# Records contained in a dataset
• • •
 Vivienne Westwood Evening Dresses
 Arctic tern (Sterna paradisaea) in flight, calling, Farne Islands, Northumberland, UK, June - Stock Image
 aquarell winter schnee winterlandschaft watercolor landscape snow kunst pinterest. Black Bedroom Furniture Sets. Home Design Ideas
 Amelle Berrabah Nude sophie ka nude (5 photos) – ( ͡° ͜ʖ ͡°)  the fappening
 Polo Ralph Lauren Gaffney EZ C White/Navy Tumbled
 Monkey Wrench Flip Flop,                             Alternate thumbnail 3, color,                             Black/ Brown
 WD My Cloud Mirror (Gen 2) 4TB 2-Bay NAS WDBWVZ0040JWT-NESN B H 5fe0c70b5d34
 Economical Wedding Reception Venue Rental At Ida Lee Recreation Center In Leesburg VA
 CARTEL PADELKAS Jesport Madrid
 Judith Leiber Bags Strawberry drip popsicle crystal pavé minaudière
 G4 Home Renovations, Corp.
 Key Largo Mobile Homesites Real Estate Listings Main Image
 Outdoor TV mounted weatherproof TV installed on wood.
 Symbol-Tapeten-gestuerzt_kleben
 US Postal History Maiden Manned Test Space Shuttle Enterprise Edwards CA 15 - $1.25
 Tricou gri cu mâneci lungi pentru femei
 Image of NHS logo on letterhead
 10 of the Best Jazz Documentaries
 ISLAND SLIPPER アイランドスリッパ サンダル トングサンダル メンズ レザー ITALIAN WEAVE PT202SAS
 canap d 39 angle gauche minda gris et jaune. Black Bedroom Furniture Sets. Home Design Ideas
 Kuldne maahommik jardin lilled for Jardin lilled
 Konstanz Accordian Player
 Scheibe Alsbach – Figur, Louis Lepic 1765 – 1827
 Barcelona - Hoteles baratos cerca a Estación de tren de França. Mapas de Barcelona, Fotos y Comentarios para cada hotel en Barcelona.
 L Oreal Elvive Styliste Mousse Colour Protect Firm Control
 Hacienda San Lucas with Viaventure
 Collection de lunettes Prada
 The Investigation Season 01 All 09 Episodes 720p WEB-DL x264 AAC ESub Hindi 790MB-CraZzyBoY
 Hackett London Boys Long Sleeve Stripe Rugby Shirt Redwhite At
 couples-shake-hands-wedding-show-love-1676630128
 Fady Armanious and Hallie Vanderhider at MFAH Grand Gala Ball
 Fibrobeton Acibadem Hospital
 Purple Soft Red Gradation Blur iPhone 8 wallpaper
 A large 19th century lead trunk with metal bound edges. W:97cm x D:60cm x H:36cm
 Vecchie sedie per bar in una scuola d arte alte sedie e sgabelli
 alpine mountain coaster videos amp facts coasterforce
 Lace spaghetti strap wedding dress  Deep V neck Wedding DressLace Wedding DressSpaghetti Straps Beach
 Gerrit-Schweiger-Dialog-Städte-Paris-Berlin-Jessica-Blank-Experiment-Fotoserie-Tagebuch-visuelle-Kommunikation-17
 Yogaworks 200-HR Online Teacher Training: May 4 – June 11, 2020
• • •
# Your task
Starting at the line above that holds "Amelle Berrabah Nude" and ending at the line that holds "Konstanz Accordian Player", transcribe each line exactly and include no other lines.

# Expected answer
 Amelle Berrabah Nude sophie ka nude (5 photos) – ( ͡° ͜ʖ ͡°)  the fappening
 Polo Ralph Lauren Gaffney EZ C White/Navy Tumbled
 Monkey Wrench Flip Flop,                             Alternate thumbnail 3, color,                             Black/ Brown
 WD My Cloud Mirror (Gen 2) 4TB 2-Bay NAS WDBWVZ0040JWT-NESN B H 5fe0c70b5d34
 Economical Wedding Reception Venue Rental At Ida Lee Recreation Center In Leesburg VA
 CARTEL PADELKAS Jesport Madrid
 Judith Leiber Bags Strawberry drip popsicle crystal pavé minaudière
 G4 Home Renovations, Corp.
 Key Largo Mobile Homesites Real Estate Listings Main Image
 Outdoor TV mounted weatherproof TV installed on wood.
 Symbol-Tapeten-gestuerzt_kleben
 US Postal History Maiden Manned Test Space Shuttle Enterprise Edwards CA 15 - $1.25
 Tricou gri cu mâneci lungi pentru femei
 Image of NHS logo on letterhead
 10 of the Best Jazz Documentaries
 ISLAND SLIPPER アイランドスリッパ サンダル トングサンダル メンズ レザー ITALIAN WEAVE PT202SAS
 canap d 39 angle gauche minda gris et jaune. Black Bedroom Furniture Sets. Home Design Ideas
 Kuldne maahommik jardin lilled for Jardin lilled
 Konstanz Accordian Player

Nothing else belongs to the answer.